Sunday 1 May 2011

The Camera – 1/05/2011

The Camera – 1/05/2011



I’ve been wrestling with myself on how to write about this, and even though I’ve finally got down to it, I am still unsure. I guess I’m just going to take this one as it comes.
About 10 days ago my grandfather gave me an old camera. A Ricoh AF-7. Yes, this camera uses film and doesn’t have a digital screen, yet I find this camera more valuable than any new top range model you can find at the most expensive shop. This is because the camera belonged to my Nan.

It has only been 70 days since she passed away, but it honestly feels like a lot longer. It’s always sad to say goodbye to a loved one, however this death brought with it happiness too. My gran had been suffering with the aftermath of a stroke for about 4 months and it broke our hearts to see a once active, independent and spirited lady, bed-ridden and consistently dependant on someone else.
At 77, Nan had lived a long and well-spent life. She was one of the most amazing ladies I have ever had the privilege of knowing. She had more friends than most people could even dream of, and she was the best friend anyone could ask for. A kind friend, a brilliant daughter, a great sister, a caring mother, a loving wife and an absolutely amazing grandmother.
I remember whole holidays spent at their house in Clarens, in the Free State. It was mine and Wayde’s home-away-from-home. And what a place to have grown up with. Nan and Grandpa knew everyone and everyone inevitably loved them to bits. I remember my 65-year-old Nan getting down in the dirt to play marbles with us, and absolutely thrashing us. I remember her wonderful sense of humour. I remember pudding nights, where all we ate for dinner was dessert. Instant pudding, jelly, ice-cream, trifle, cake and all the sprinkles we could want. I remember the special placemats she had especially for her grandchildren. I remember bedtime stories out of her big red book. I remember the nicknames she had for the 4 grandkids. I remember waking up every morning for tea with biscuits on the little silver trays (and the white-grey one with flowers for Wayde) and looking at Mount Horeb from the patio with the best view in Clarens. I remember my “Rose Room” and Wayde’s “Us Kids Room”. I remember sitting in the tree house that Grandpa had built for us, and hearing Nan below telling us to use the pulley to bring the lunch she had made us up to where Wayde and I were sitting. I remember star-gazing before the little town was built up, so we could see thousands of stars. I remember Nan always hiding little presents under our pillows when we visited. I remember building snowmen with her in Clarens.
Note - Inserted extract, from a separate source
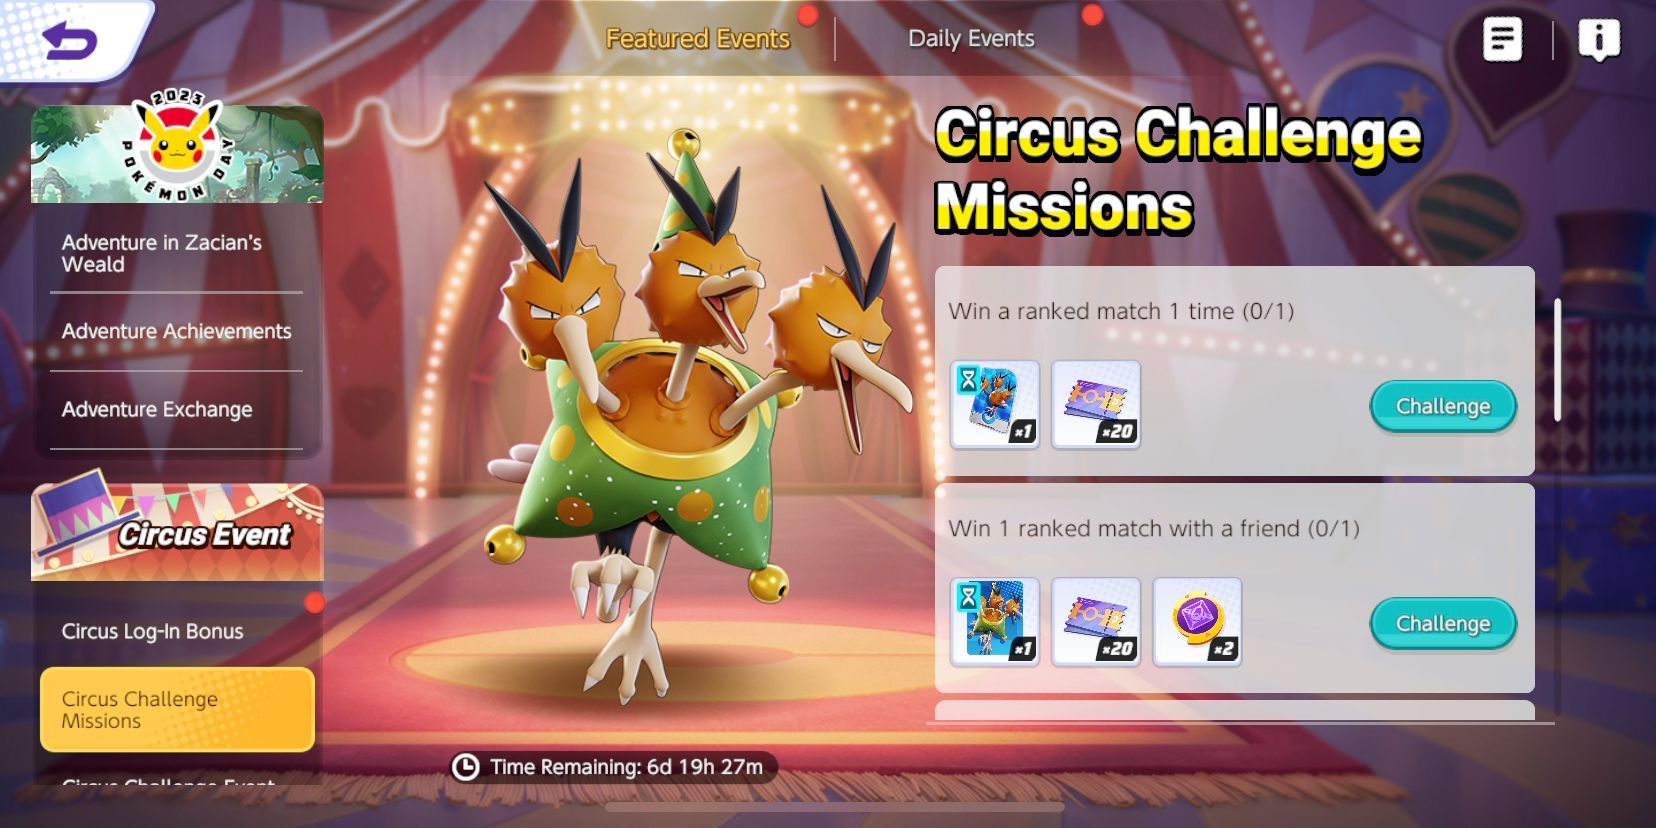 Экран Circus Challenge Missions от Pokemon Unite, показывающий миссии событий и награды

I remember…
There are an infinite number of memories with my Nan, the greatest lady in the world. There is also the memory of Wayde and I rushing into the ICU in Novemeber, after a 4 hour drive in the rain, to see my Nan in the bed. And she looked terrible. Her speech was terrible and you could barely hear what she was saying. And her first words to Wayde were, “Why’d you drive so far? Now you have to get your car serviced.” In times of despair, she still held onto her humour.
And that is typically Nan. After the night we thought she wouldn’t pull through, she stayed with us for 4 more months. She was so stubborn and she was determined to stay a little longer.
On her last day with us, she stopped breathing. But again, she couldn’t go without saying goodbye. She pulled through , but she knew she only had a couple of hours left with us. She told each of us that she loved us and that we shouldn’t be sad. She knew that Jesus was coming for her and she was at peace with that. A couple of hours later, the most amazing woman had left us.
I pray that I will never forget her faith in the Lord, kindness towards friends and strangers and her unending love for her family.

This brings me back to the camera. The camera that made me think back to all the captured memories in my mind. There are already some photos on film and it has now it has been left to me to finish the roll. What on earth is on there already? If anything at all? And how can I use this camera to honour my Nan’s life?
I feel as if this is one of the last material things that my Nan has left her family, and I want to finish it with justice.
I still have no clue how to use it, but I pray to find the answer soon. She has given me so much, and in a way I see this as giving back to her.
When I find the answer, I will let you know.

And so to a Nan that I will never forget… I love you with my whole heart.